By Dave Andrusko

Thomas Edsall
As we’ve written systematically since last Wednesday, pro-lifers did extraordinarily well in the state legislatures. The importance of this cannot be overstated. The Supreme Court won’t forever be hostile to even the most commonsense, women-protecting measures. Thus, the more solid pro-life legislation we pass, the better.
Our benighted opposition understands (all too well) they got buried not just on November 8 but going back years. Many times it seems as if the preponderance of pro-abortion columns/op-eds is limited to “my goodness, those radical anti-choicers are passing bills like it’s going out of style” and “Jeez, these @#$% people are obsessed with controlling women’s sexuality.”
They’re not incompatible, if you assume—as these writers do—either that we are duping the public (which is the politically correct thing to say) or that the public is stupid which reminds us of Hillary Clinton’s now infamous “deplorables” remark.
But, really, do people, such as New York Times columnist Thomas Edsall, actually believe that the explanation for why pro-lifers fight to protect unborn babies is that our core beliefs are essentially indistinguishable from cultures that do not allow women out in public alone? That resistance to abortion is a “characteristic male obsession,” a quote he extracts from Steven Pinker, a Professor of Psychology at Harvard?
Edsall meanders around in pursuit of an explanation of what he calls the abortion issue’s “political staying power.” Not to make too big a point of this, but here is a guy who has followed politics for various liberal, pro-abortion publications for decades and yet here’s how he explains Roe v. Wade:
“Medically induced termination of pregnancy became a major source of political contention on Jan. 22, 1973, the day the Supreme Court issued its 7-2 decision in Roe v Wade.
“In Roe, the court ruled that restrictions on abortion during the first trimester of pregnancy ‘violate the Due Process Clause of the Fourteenth Amendment, which protects against state action the right to privacy, including a woman’s qualified right to terminate her pregnancy.’”
More than four decades later and someone like Edsall can reduce this most contentious of moral issue to vacuous “medically induced termination of pregnancy” language and imply that abortion is not legal after the first trimester.

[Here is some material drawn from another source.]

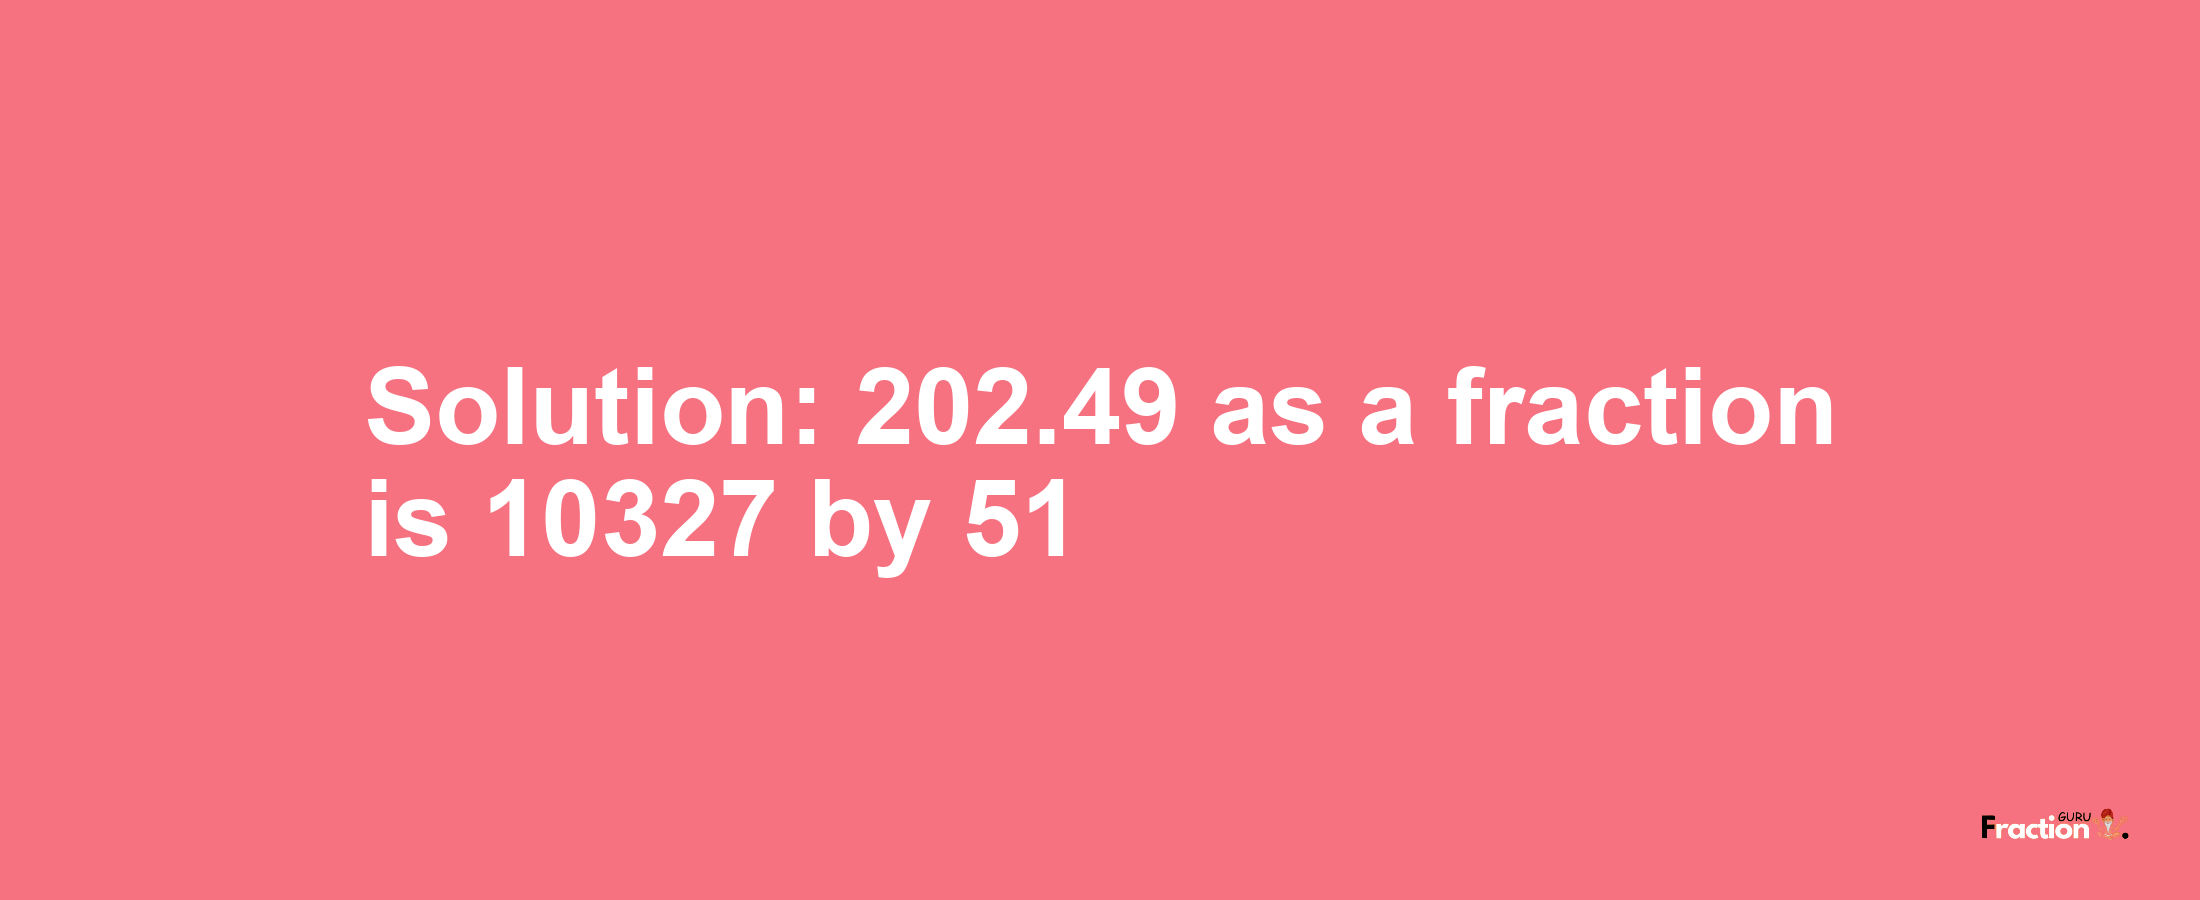 Solution:202.49 as a fraction is 10327/51

I mean, really.
Anyway, Edsall’s strategy is to give a passing nod to why we oppose abortion (“for opponents it is an issue of life and death”) and then devote the rest of the column to two oddly joined concerns.
First, he adds the voices of a couple of men (a.k.a, “a disparate group of contemporary experts”) who do not hew to feminist orthodoxy, line by line, but who nonetheless agree with pro-abortion feminists. Why? Because this demonstrates “These thoughts are by no means the opinions of women only.”
So he spends a few paragraphs quoting these “experts” to explain–by implication–that the staying power of the abortion issue (by which he means our Movement) is (a) entirely driven by males who are (b) driven by evolutionary anxiety, that is, an instinctive desire to pass on our own genes.
This is not only unrelievedly stupid, it could also be said to disprove evolution: the argument has not changed an iota since the 1960s.
Edsall’s beginning and end make for interesting bookends. He begins the abortion segment of his column by quoting the pro-abortion Guttmacher Institute whose primary job, it seems, is to document the lamentable passage of wave after wave of pro-life legislation.
So where is all this to-ing and fro-ing going? Here’s his penultimate paragraph:
“Surprisingly, perhaps, there are still a sizeable number of Americans who want to put the women’s rights genie back in the bottle.”
“Surprising”? “Perhaps”? Not at all, if you ignore the foolishness of his “disparate group of contemporary experts” and recall that abortion is essentially legal on demand throughout pregnancy, not just the first trimester; and recall the enduring truth that women are more pro-life than men!
With Democrats almost uniformly in the camp of abortion on demand for any reason or no reason; with Democrats almost uniformly comfortable with killing pain-capable unborn children; and with Democrats almost uniformly counting not on the power of their own arguments for abortion but assaulting the character and intelligencer of their opponents, isn’t the “political dynamite” that is the abortion issue likely to blow up in their faces?